### Work instruction
Repeat the data that follows, word for word, without the images.

[Dataset section — start]

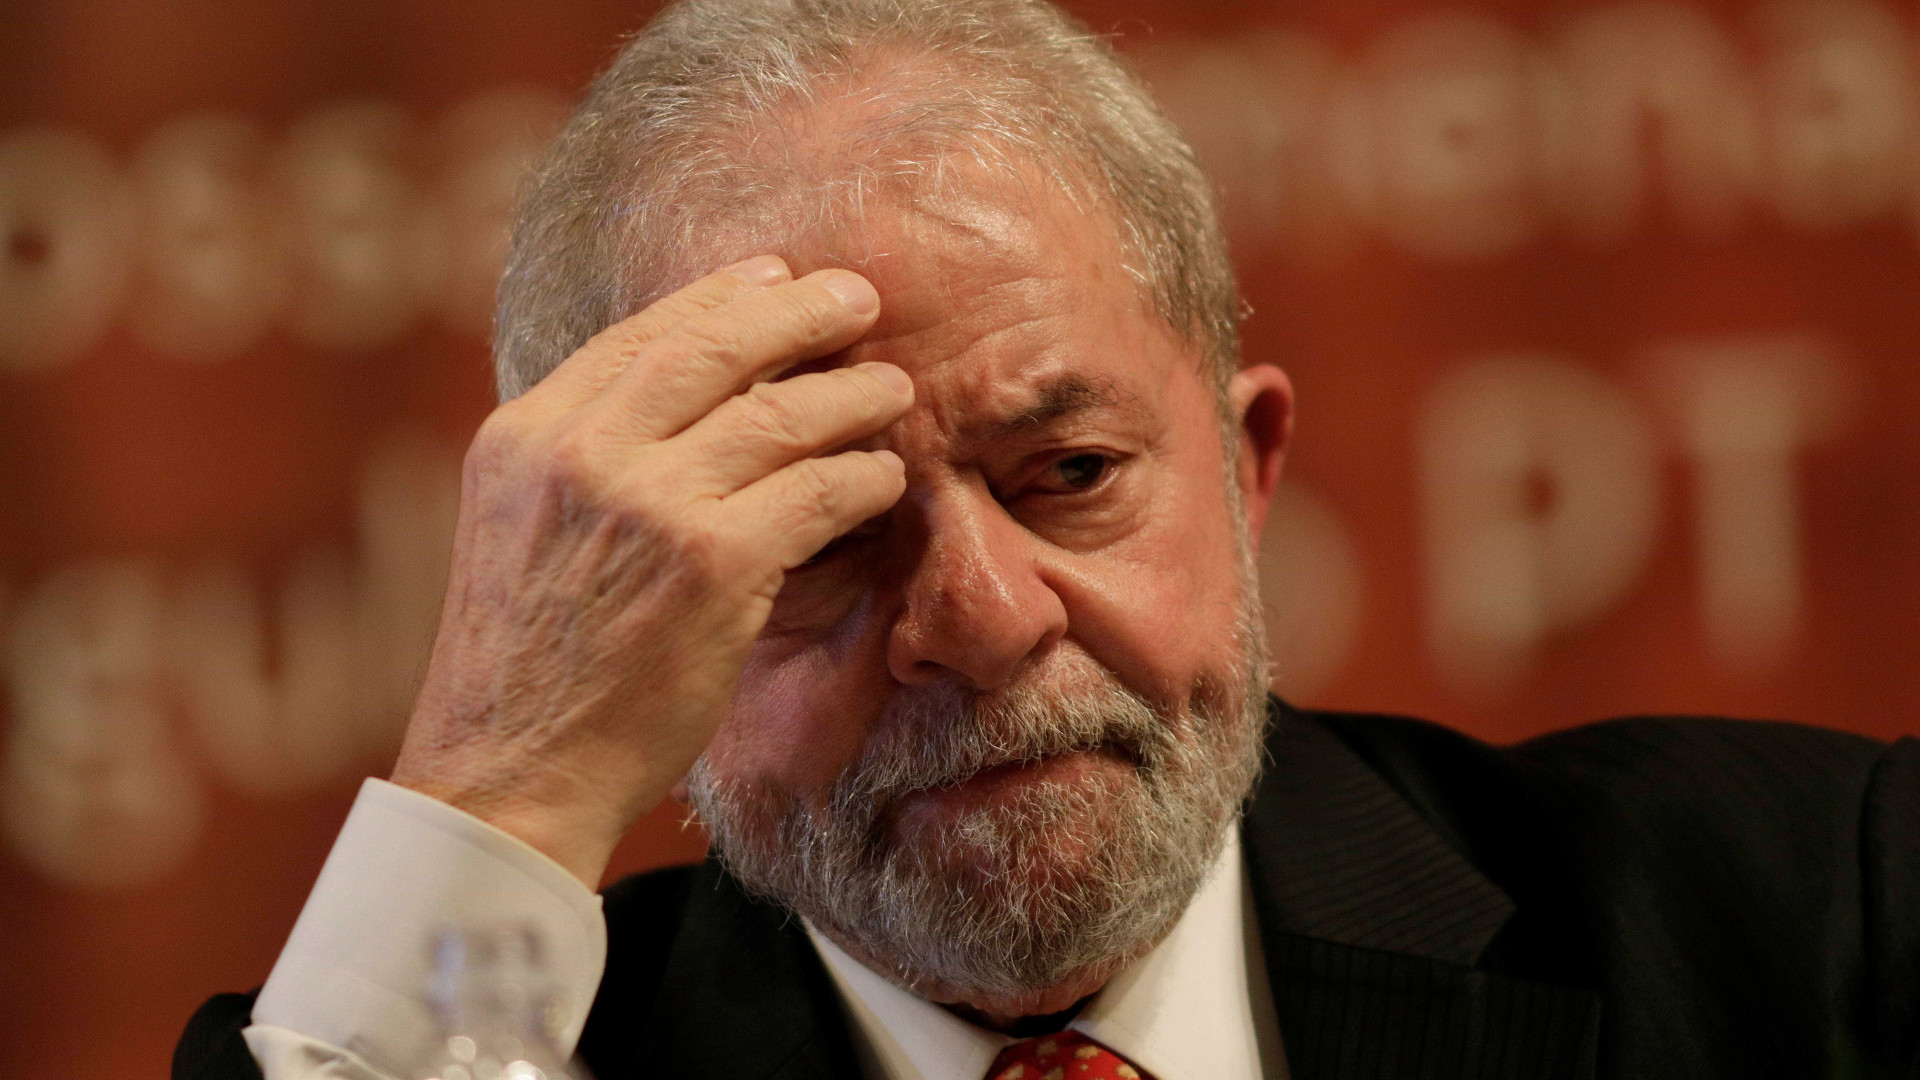 Em denúncia, Janot aponta R$ 230 milhões em propina para Lula
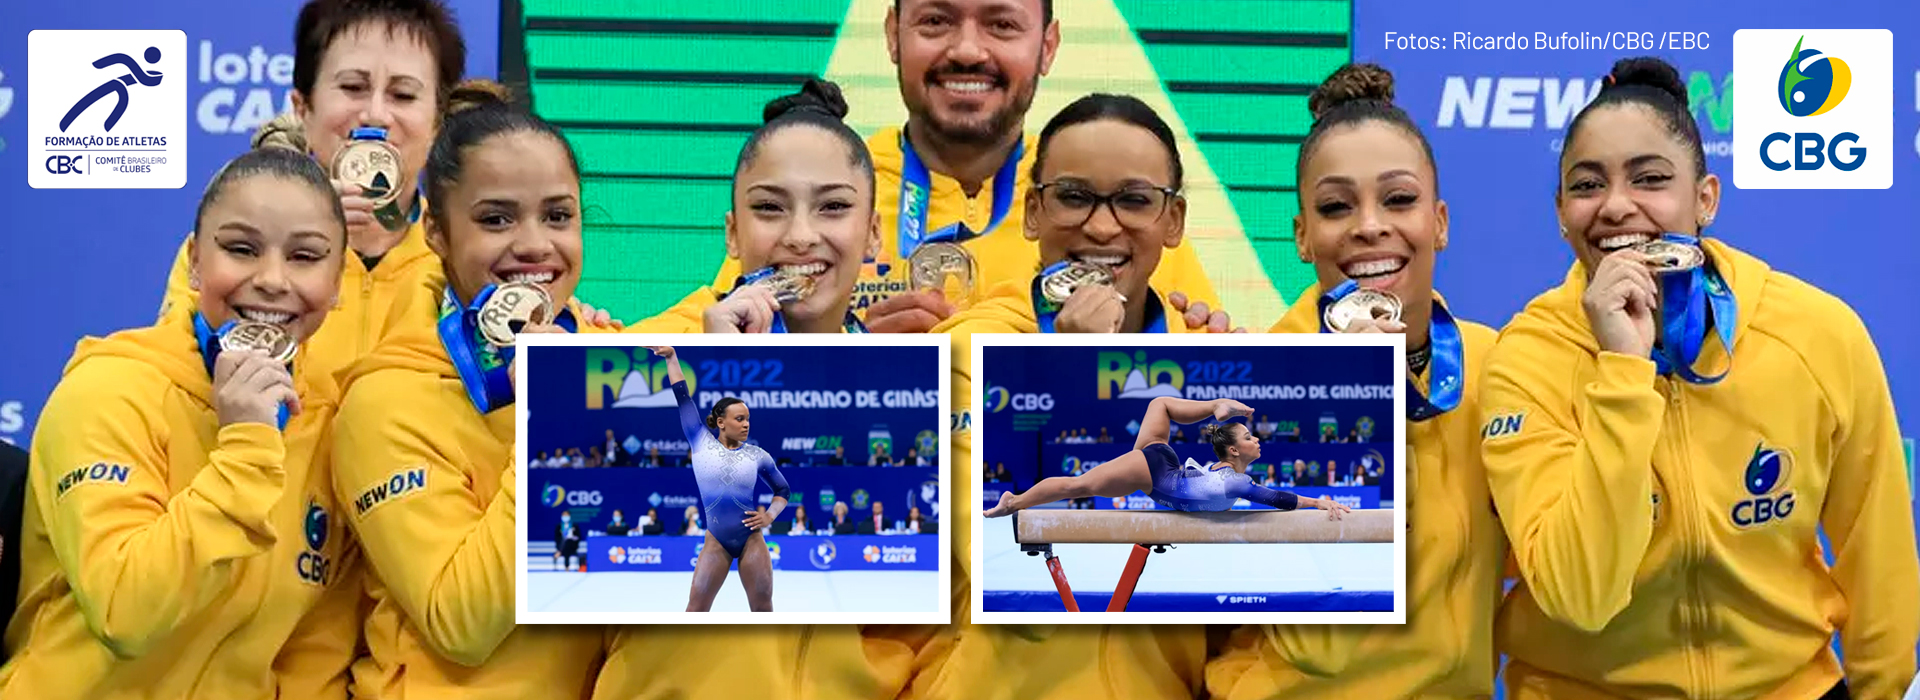 Com equipe cheia de atletas clubistas, Brasil conquista ouro no Pan Americano de Ginástica
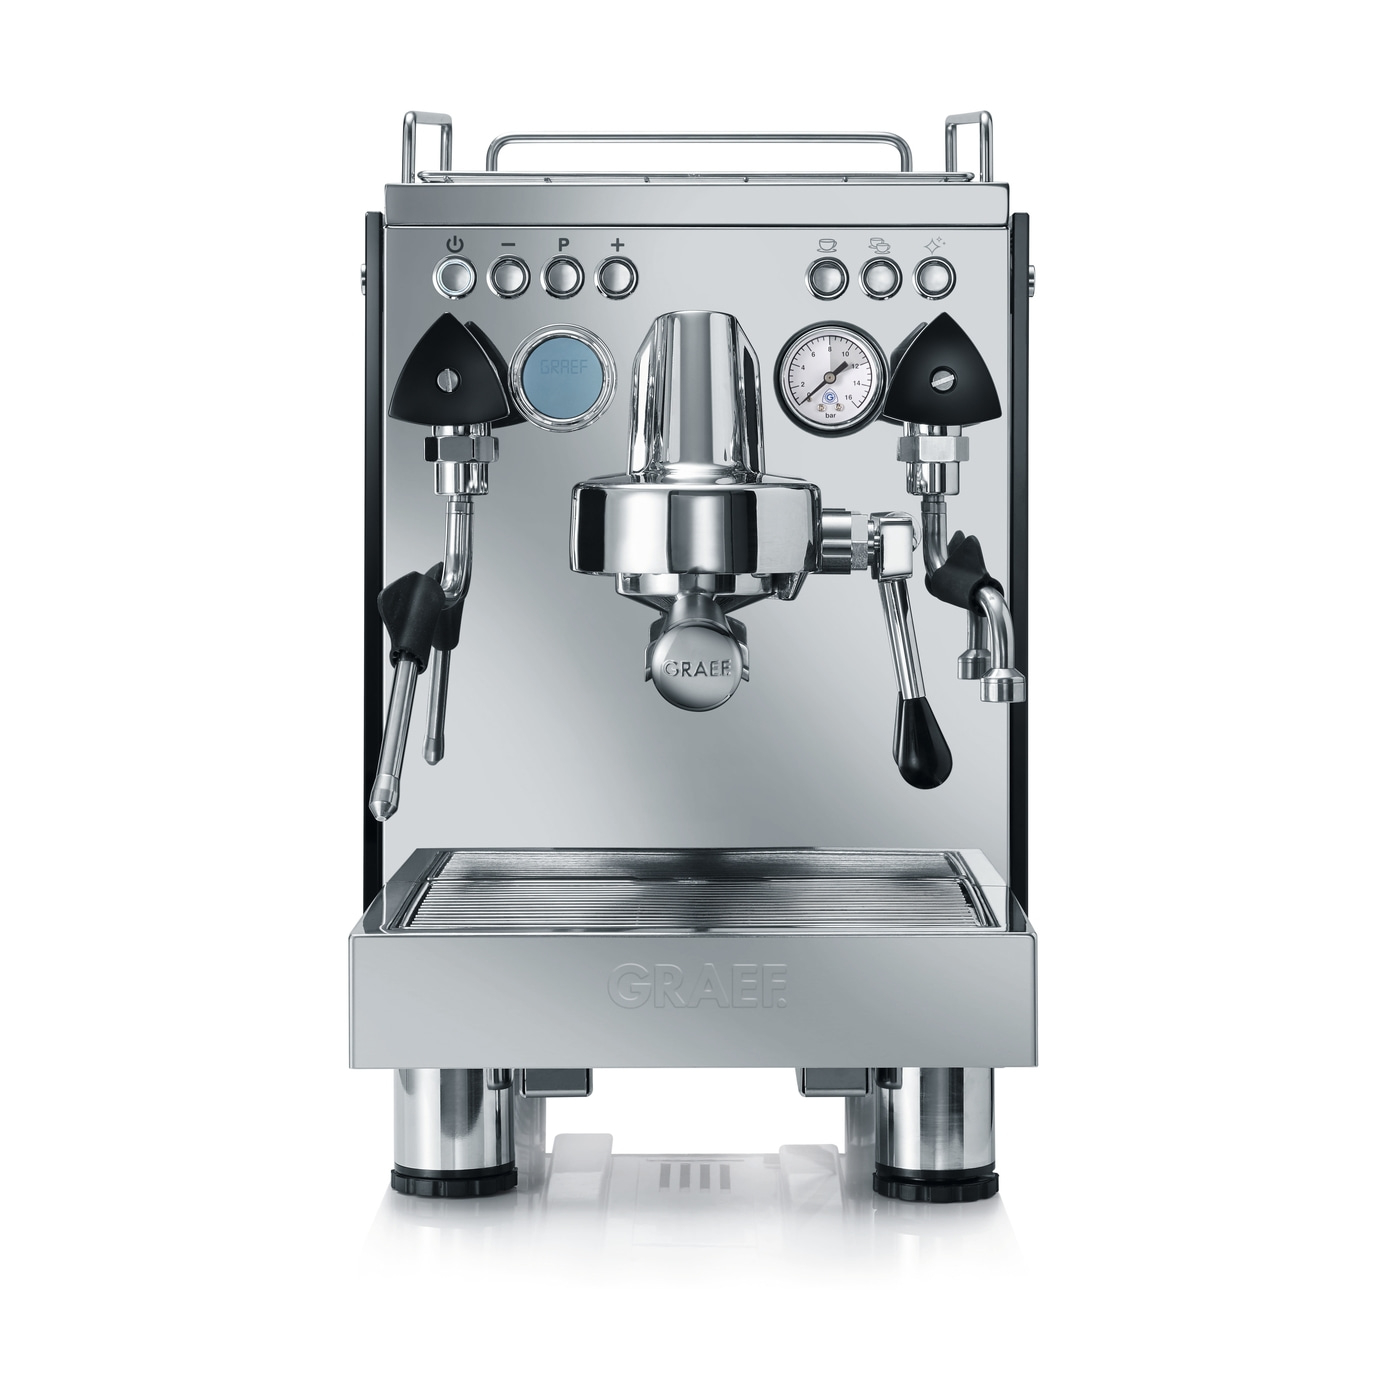 GRAEF ES1000 "Contessa" Siebträger Espressomaschine mit LCD Display

[Dataset section — finish]

### Result of this exercise
 Em denúncia, Janot aponta R$ 230 milhões em propina para Lula
 Com equipe cheia de atletas clubistas, Brasil conquista ouro no Pan Americano de Ginástica
 GRAEF ES1000 "Contessa" Siebträger Espressomaschine mit LCD Display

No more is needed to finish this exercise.